Long-Term Benefits Derived from Processing Big Data
Once organizations have invested time and resources in the infrastructure needed to process big data, they can look forward to reaping the following benefits:
- Optimizing resources and inventory planning
- Better asset management
- More intuitive understanding of customer profiles
- Improved customer, vendor, and supplier relationships
- Shorter order-to-delivery times
- Better integration across their entire supply chain
- More effective strategic planning
- Shorter reaction time to address supply chain issues
- Improved customer service and faster turnaround
How Big Data is Impacting Various Sectors: Examples
Big Data in the Education Sector
Big data has driven major changes in the education sector, particularly in:
- Creating more customized, dynamic, and interactive learning and development programs
- Redefining the scope of course materials
- Modifying grading systems for more accuracy
- Career prediction and counseling
Big Data in the Insurance Sector
The insurance sector is relevant not only to individuals seeking life coverage, but also enterprises of various types and sizes. The common factor being that both people and organizations are vulnerable to times of adversity, calamities, and other uncertainties. As a result, data in the insurance sector can come in a variety of formats, from disparate sources, and is subject to change.

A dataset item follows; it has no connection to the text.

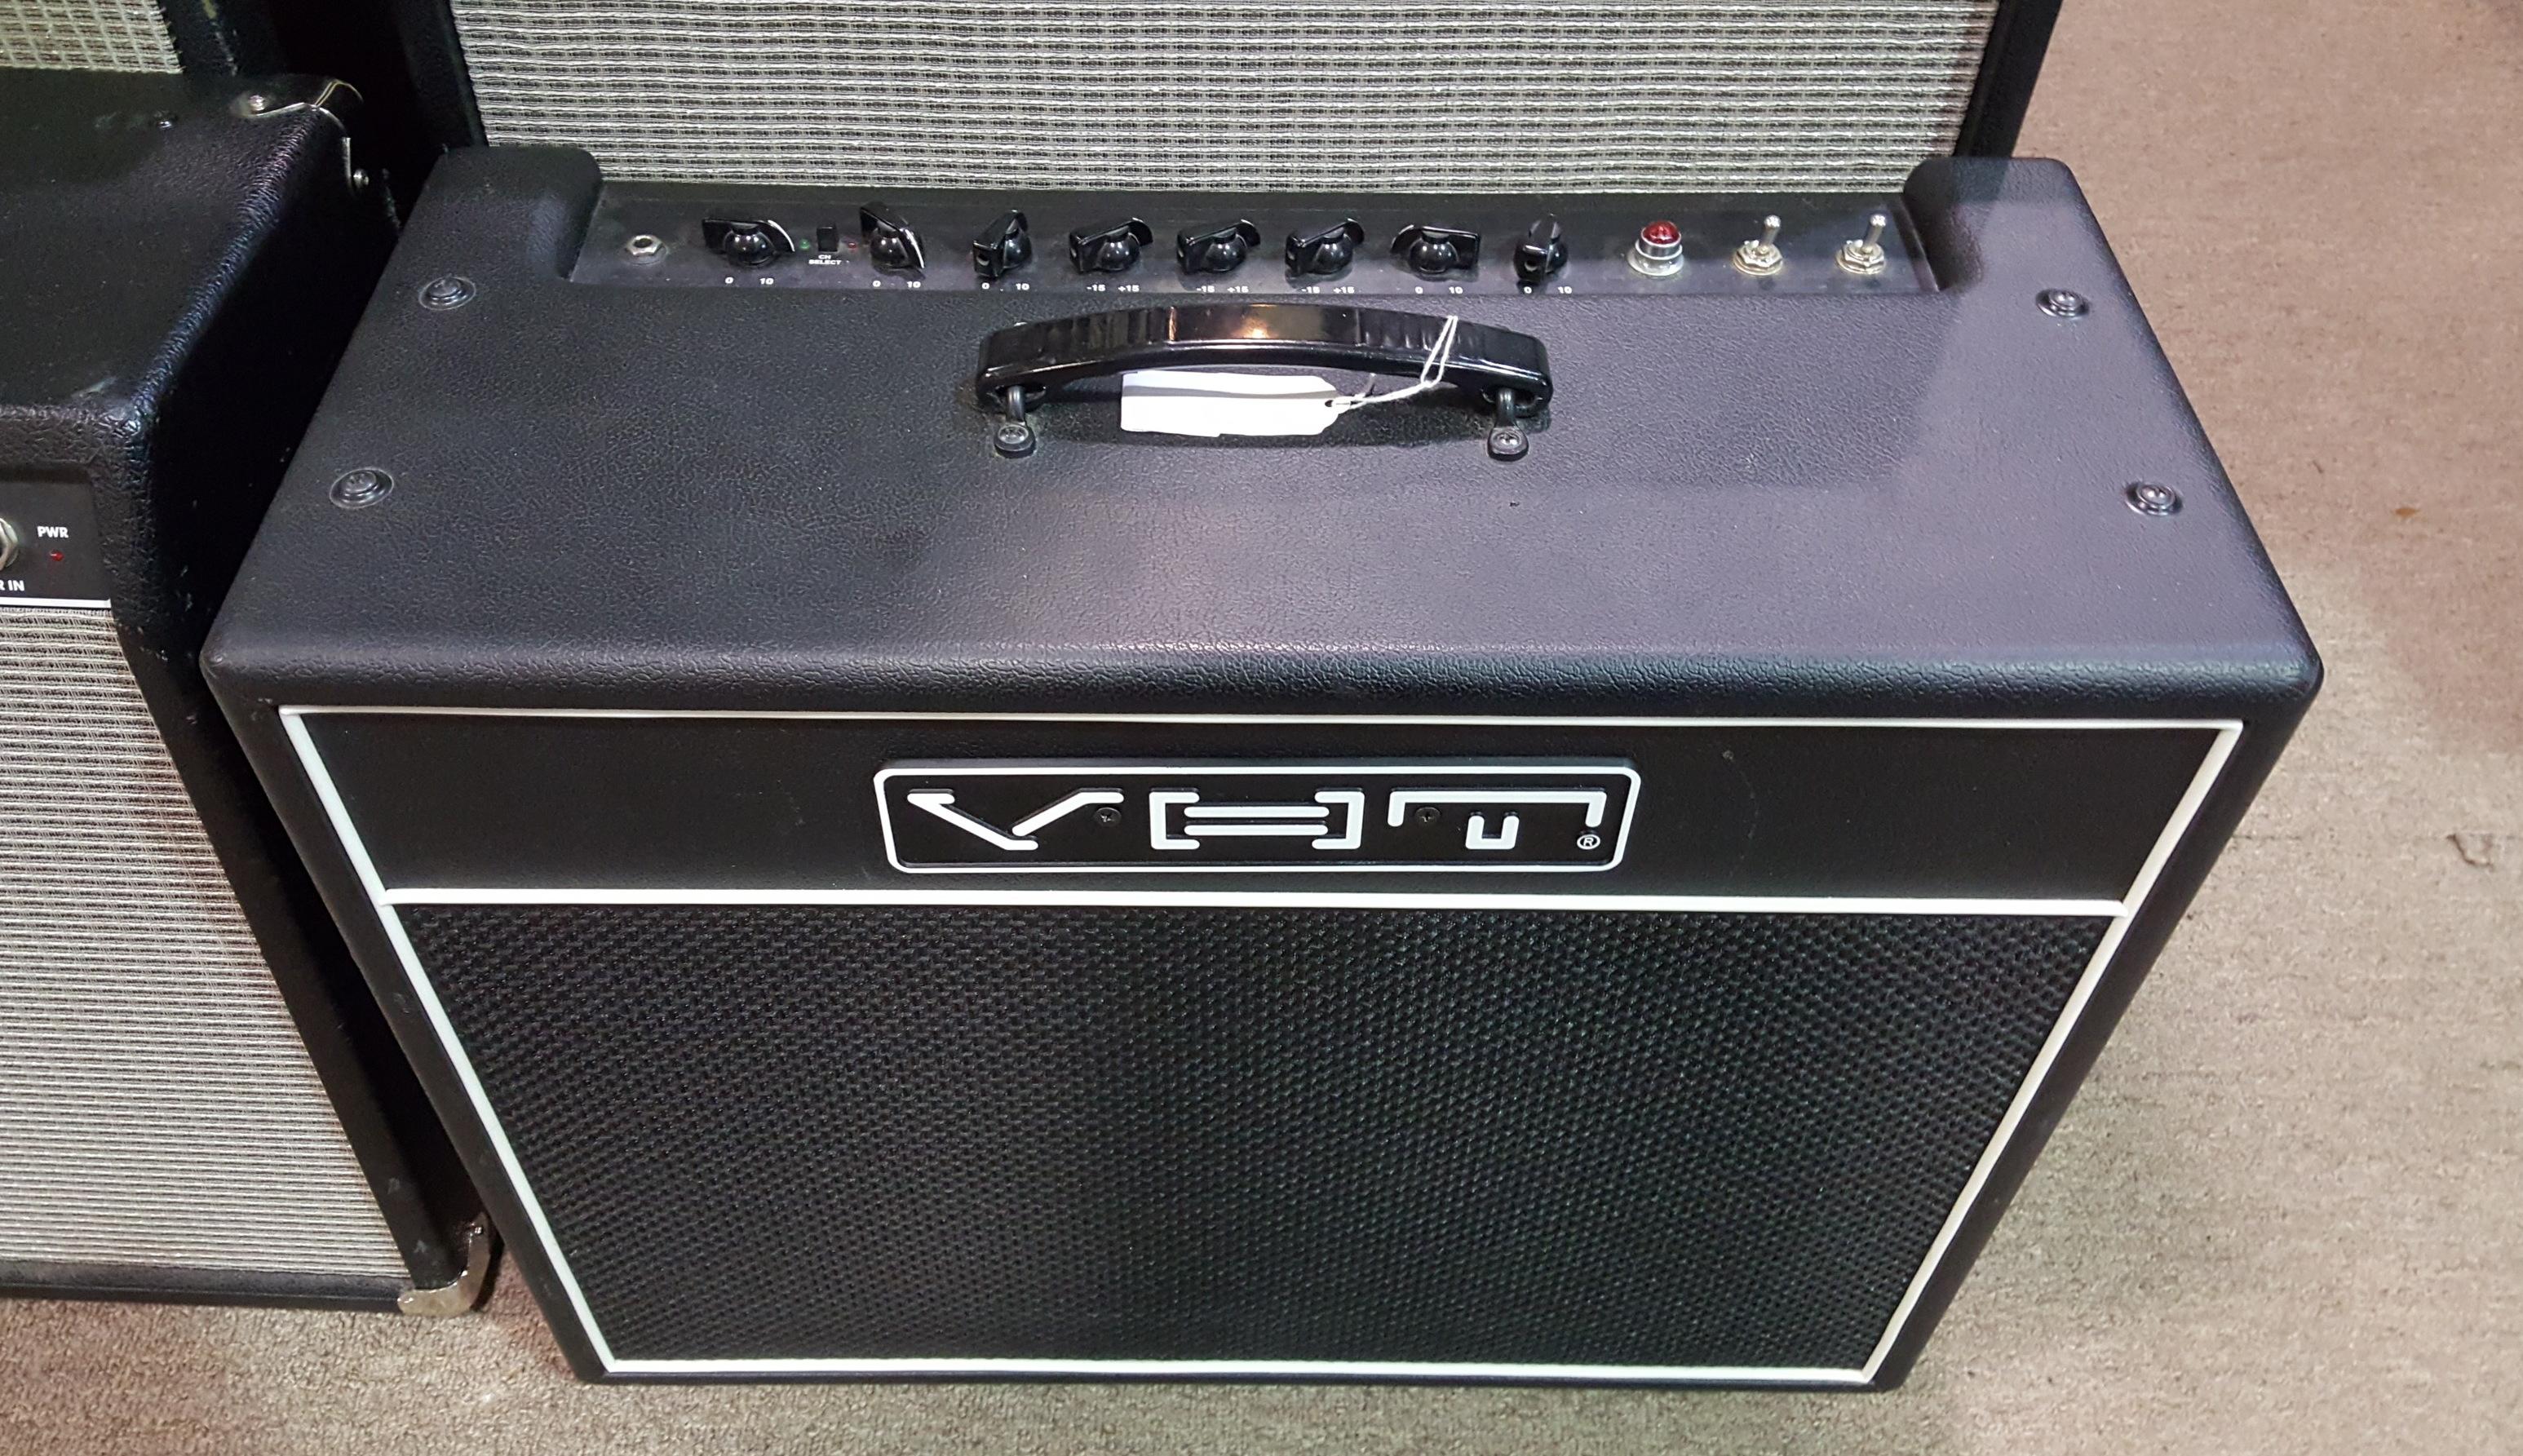 VHT LEAD 20 20-Watt 1x12 Tube Guitar Amp Combo **PICKUP ONLY**

For instance, if a customer is interested in buying car insurance if traveling in a certain country, the insurance company can collect and run the data for driving conditions and road safety in that country, and adjust the premium accordingly. They can also gather the person’s driving safety record and factor that in before presenting him/her with a policy for purchase.
In addition to such risk assessment, insurance companies can also use big data for threat mapping. This means they can take into account the different possibilities in which things could go wrong with a particular customer or company which might lead them to filing a claim.
Big Data in Government
Big data has proved to be particularly impactful for governments across the world. It is instrumental in addressing complex issues, ensuring governance and influencing major events at not just a local, but also a national and global scale.
Big data has ushered in a huge new opportunity for garnering and collating accumulated data, and extracting useful insights from it, imbuing it with viability and context for various organizational processes.